The book is a quick read, it’s not particularly compelling, in my opinion. It does lay out a good starting assemblage of considerations that may begin to raise concern in the unbiased, non-dogmatic mind. Possibly the strongest aspect of the book is the footnote citations. I would argue that, independent of books content, reading the papers and books listed in the footnotes would very quickly bring up to speed any undergraduate philosophy student or complete neophyte to philosophy interested in learning the terrain of some of the contemporary issues in, for example, philosophy of mind. I have been really pleased with philosophy and HPS courses I’ve taken at Harvard, IU, and Pitt, and the citation list presented in the book reflects the courses readings entailed in syllabi in some of the courses I’ve taken. Unfortunately, that’s the highest content praise I can give the book. Nagel hit upon a tremendously important topic and the correct position, I feel; but the execution of the book was just plain bad. I think that, even within the realm of explanatory reductionism, someone knowledgeable about such work as William Bialek, who is working in developing principles of physics in biology, could have begun to point at lacuna in the reductionist picture, and propose systematic limitations to these sorts of research projects.

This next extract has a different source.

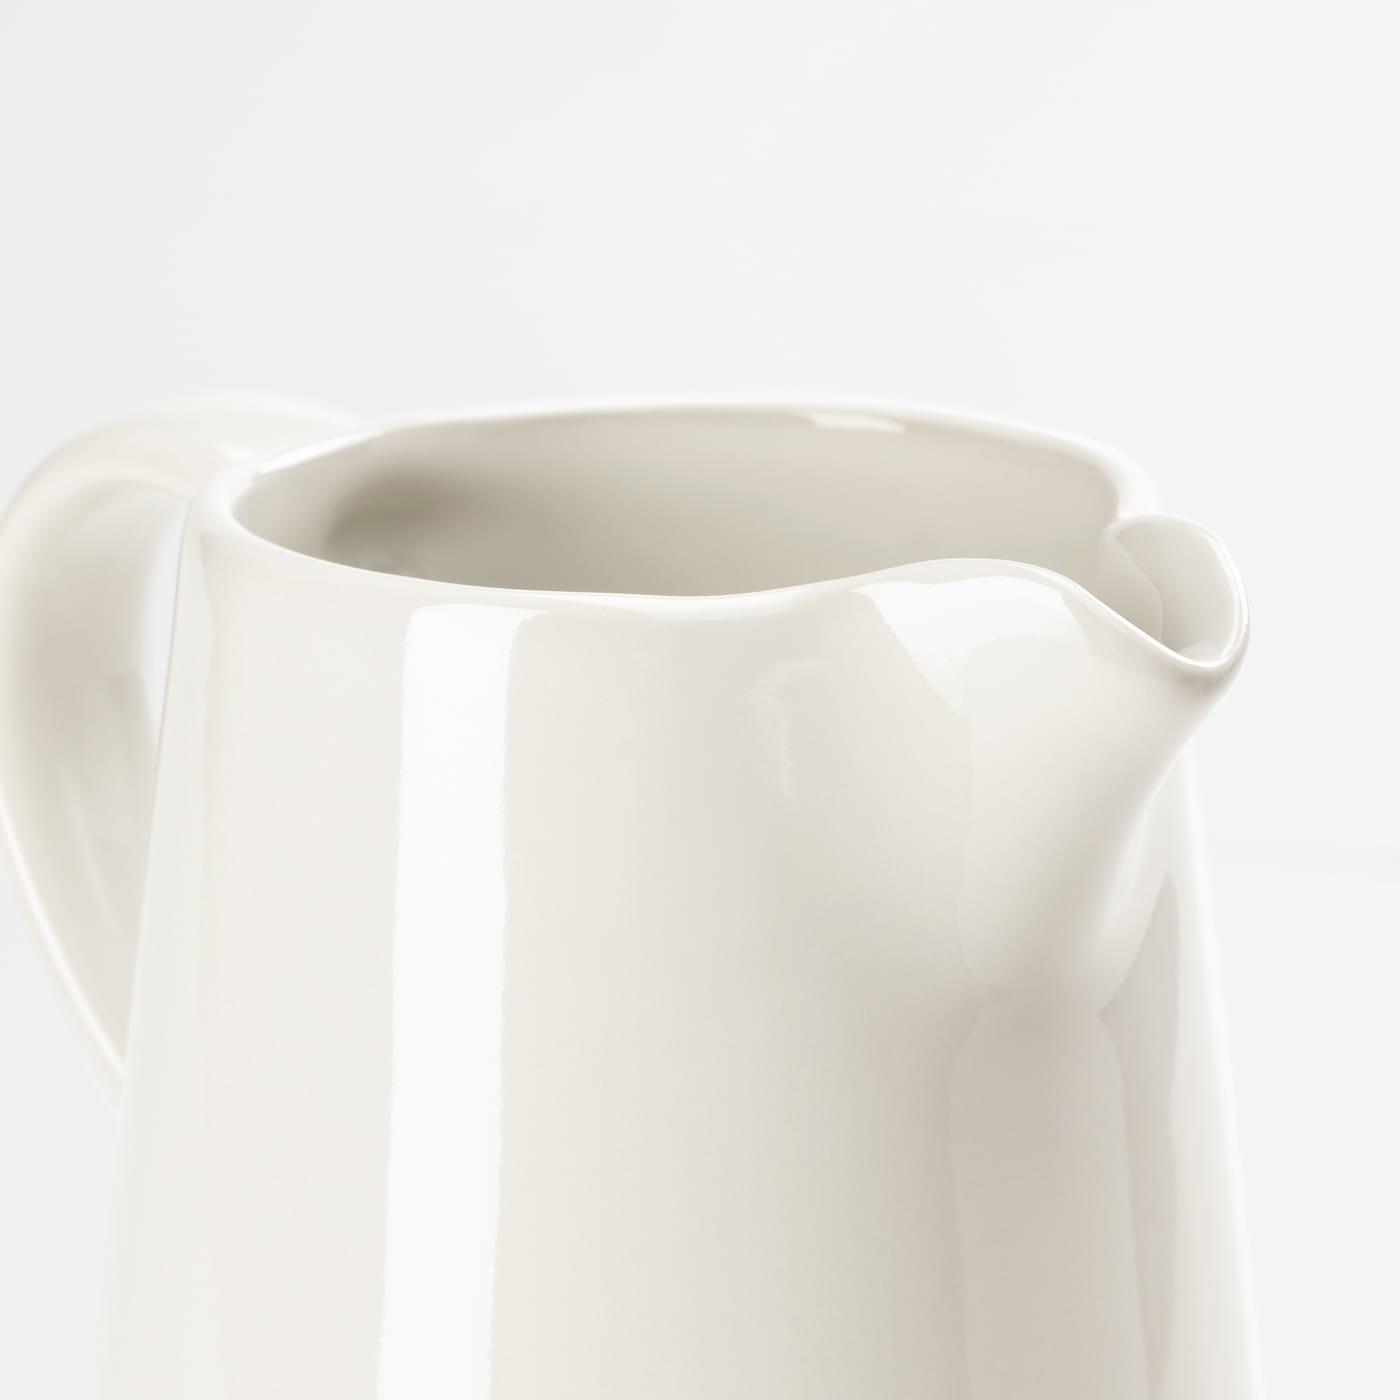 VARDAGEN Milk/cream jug, off-white, 39 cl

At least within this domain, philosophy could help science advance by overcoming an explicitly stated challenge, while otherwise advancing Nagel’s point, that such a challenge faces systematic conceptual problem in scientific explanatory capacity. If one looks at the history of biology and the difficulty of understanding DNA (not known as DNA at the time), one sees how such challenges were made plain by philosophers before the physicists enumerated qualities that DNA must possess, later followed by a broad conceptual development of how heritable information was stored and passed on to progeny. Nagel hasn’t even made his heterodox position a win-win situation philosophers and scientists, because it was so poorly constructed. Not at all paradoxically, I recommend the book to everyone with an open mind. The project has merit.
 I am referring to the pre-history of DNA, and the work of Max Delbrück and the work of fellow physicists in this research program leading up to DNA.